Una catástrofe así, en una zona donde siete de cada diez personas son pobres, donde no hay agua potable y las mujeres y niños enferman de anemia por desnutrición crónica, pone al pueblo quichua de Nueva Andoas en condiciones de alto riesgo ante cualquier enfermedad. Más aún, frente a una pandemia que ya ha matado a más de 31,000 peruanos: casi tantos muertos como dejó la guerra contra el grupo terrorista Sendero Luminoso.

Si antes de la pandemia ya era muy complicado para los pueblos indígenas acceder a vacunas y medicamentos para tratar epidemias como la del dengue y el VIH, ¿cómo resistir a este nuevo coronavirus?

Tras seis meses de haberse declarado la emergencia sanitaria, hartos de que las autoridades no los escuchen, varias comunidades amazónicas han exigido medicinas, atención médica y alimentos seguros que les permitan sobrevivir. Otras se organizan para protestar, aunque reciban balazos de la policía como respuesta.

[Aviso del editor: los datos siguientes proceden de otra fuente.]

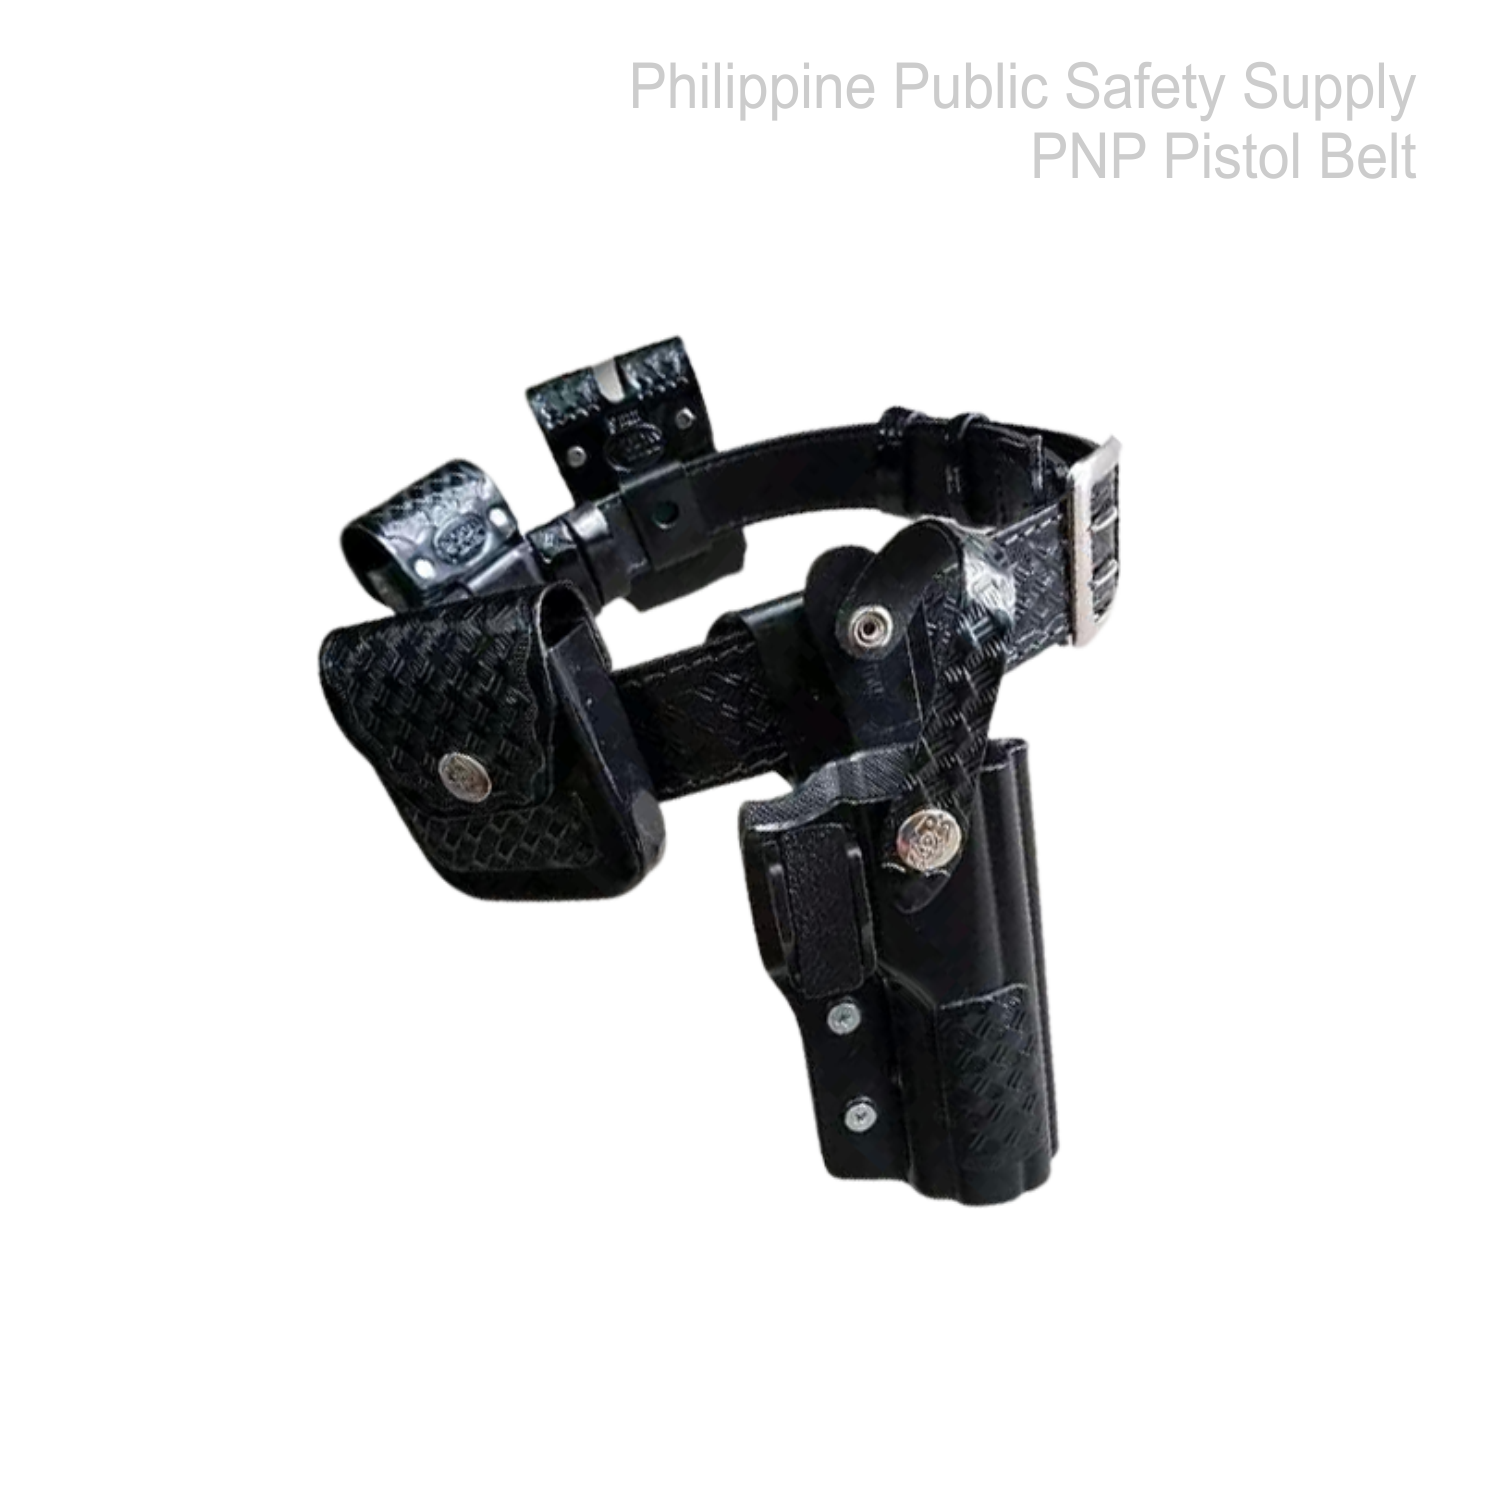 Philippine National Police (PNP) Pistol Belt - PNP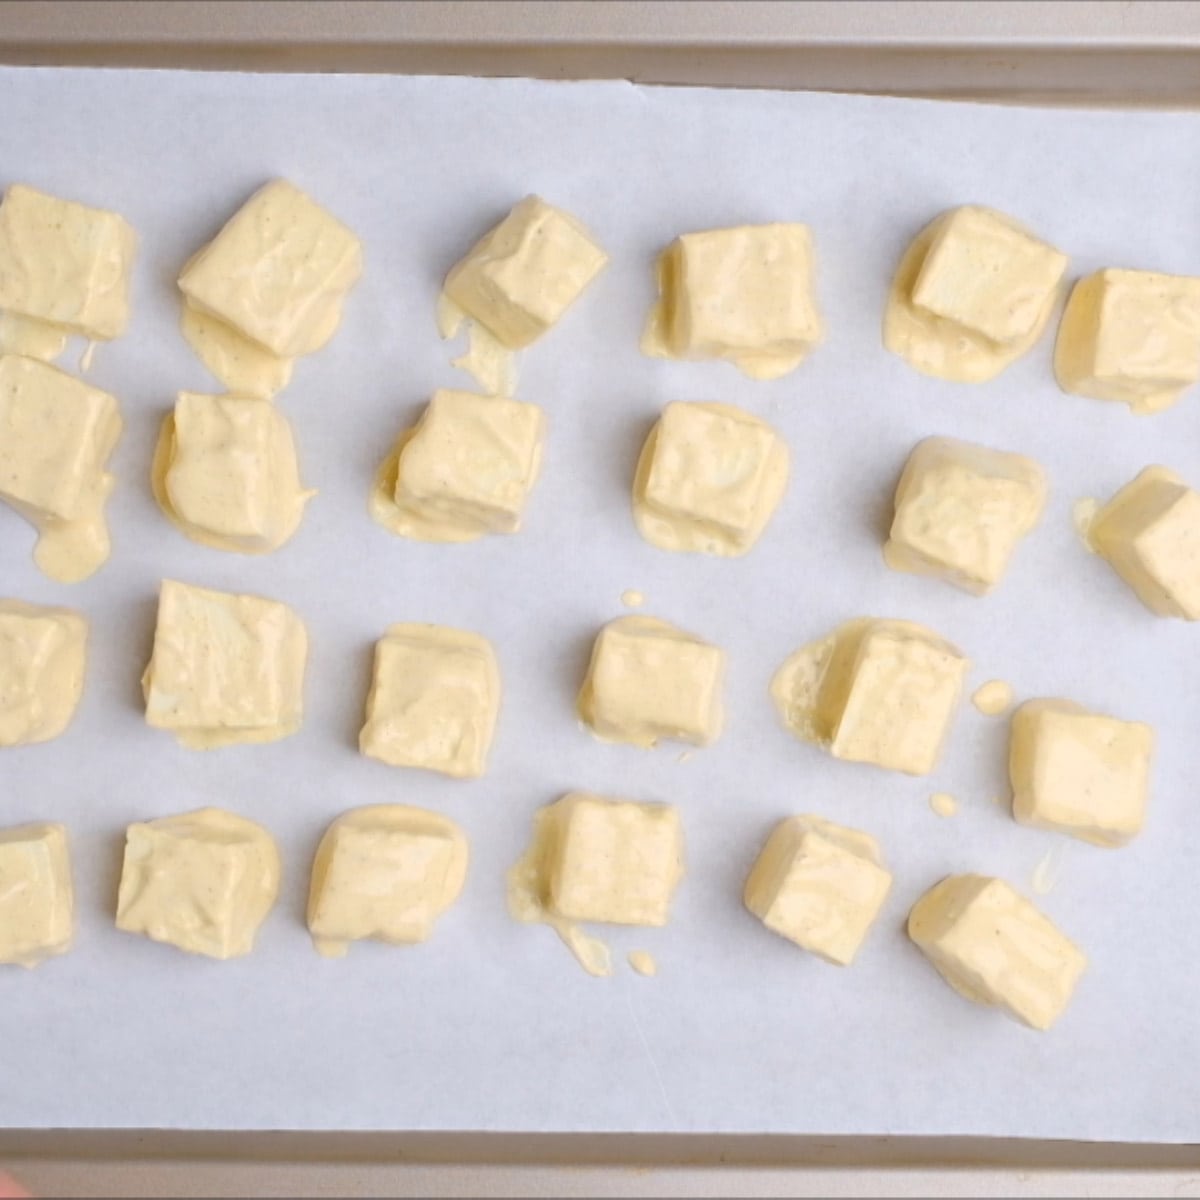 Arrange tofu in baking tray

En la frontera amazónica, donde viven los quichuas, todavía nadie ha fallecido oficialmente de la COVID-19. Dada la escasez de medicinas, hay enfermos tratándose con plantas medicinales o toman tés herbales. En Nueva Andoas, el 60 por ciento de la población dio positivo a las pruebas rápidas, incluyendo a Lucas, el hijo de 11 años de Hualinga, quien tiene la sangre contaminada por los derrames.

Hualinga sueña con vivir en una nación indígena con su propio gobierno y leyes. Ese sería un modo de cortar esa cadena de tragedias y la indolencia del Estado, si acaso es posible imaginar uno que los libere del doble azote del petróleo y el virus.

“Si existiera un país así, sería quizás diferente para los pueblos amazónicos”.

“¿Y cuándo crees que eso ocurra?”, le pregunté.

“Cuando un indígena y un occidental valgan lo mismo”.